Solexant claims to have a materials-agnostic platform and a capital-efficient manufacturing process, which brings the cost ofsolar manufacturing down to 50 cents per watt (that's the fashionable price-per-watt number to be making wild claims about these days).
Solexant was founded in 2006 by Dr. Damoder Reddy along with Prof. Paul Alivisatos of U.C. Berkeley, Prof. Paras Prasad of SUNY Buffalo and Prof. Sue Carter of U.C. Santa Cruz. (Paul Alivisatos inherited DOE Secretary Steve Chu’s old job in running LBNL.) Solexant's CFO, James McNicholas, VP of Engineering Craig Leidholm, and VP of Product Development Paul Adriani all served at semi-stealthy Nanosolar prior to joining Solexant. The firm had previously raised more than $20 million in venture funding from X/Seed Capital, Trident Capital, Medley Partners and Firelake Capital.
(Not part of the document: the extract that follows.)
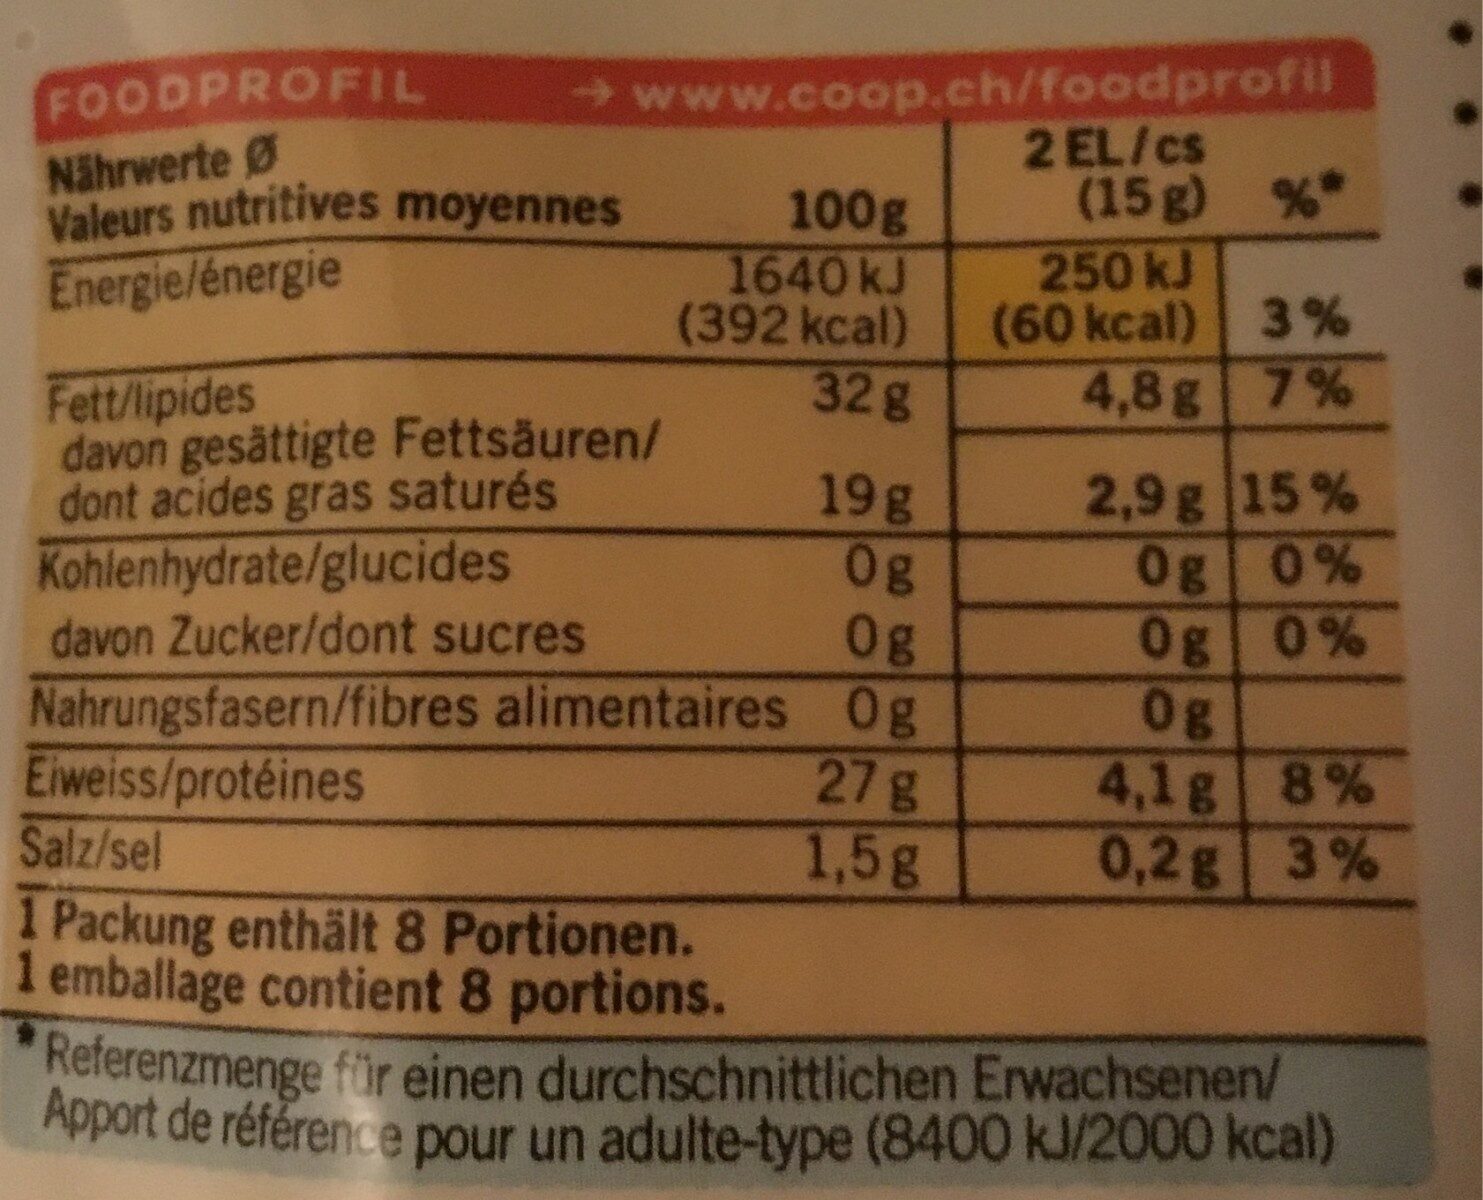 Le gruyère switzerland - Nutrition facts - fr

While on a recent panel I moderated, the CEO claimed that they endeavor not to depend on government subsidies to be competitive, and are targeting a fifty-cent-per-watt cost and a sales price of one dollar per watt. Reddy disclosed that the forty-plus employee firm is working with inorganic nanocrystals on a flexible roll-to-roll substrate and that their end-product is solar panels, not cells.
Which sounded like they are aiming to be Nanosolar II, although Solexant's patent applications cover a wide range of technologies and materials.
That was when they were sort of stealthy. They've now revealed a bit more about their technology and their 2-megawatt pilot line, which they claim is churning out nanocrystal cells and modules with efficiencies that challenge thin-film leaders by using "ultrathin-film PV technology."
Solexant uses the fabled “roll-to-roll” manufacturing technique, which allegedly allows more efficient use of equipment space, as well as higher throughput and lower labor costs than competing thin film companies, many of whom are also using roll-to-roll processes. Exhibit A: MiaSole.
The flexible thin films can use a variety of materials and are built through a deposition process. Solexant’s first commercial products will be based on printed CdTe nanocrystals. The company plans to commercialize solar cells based on other higher efficiency printed nanocrystal materials over the next few years.
California seems to gestate firms like Solexant, Twin Creeks, and MiaSole, but cannot offer them the incentives necessary to convince them to stay. According to Oregon Live, "Damoder Reddy, chief executive of Solexant, confirmed today that the San Jose company plans a solar plant in the Portland area. Solexant is seeking a $25 million loan from the state of Oregon to finance a solar-cell plant that could grow from 100 megawatts to 400 megawatts of annual module manufacturing capacity."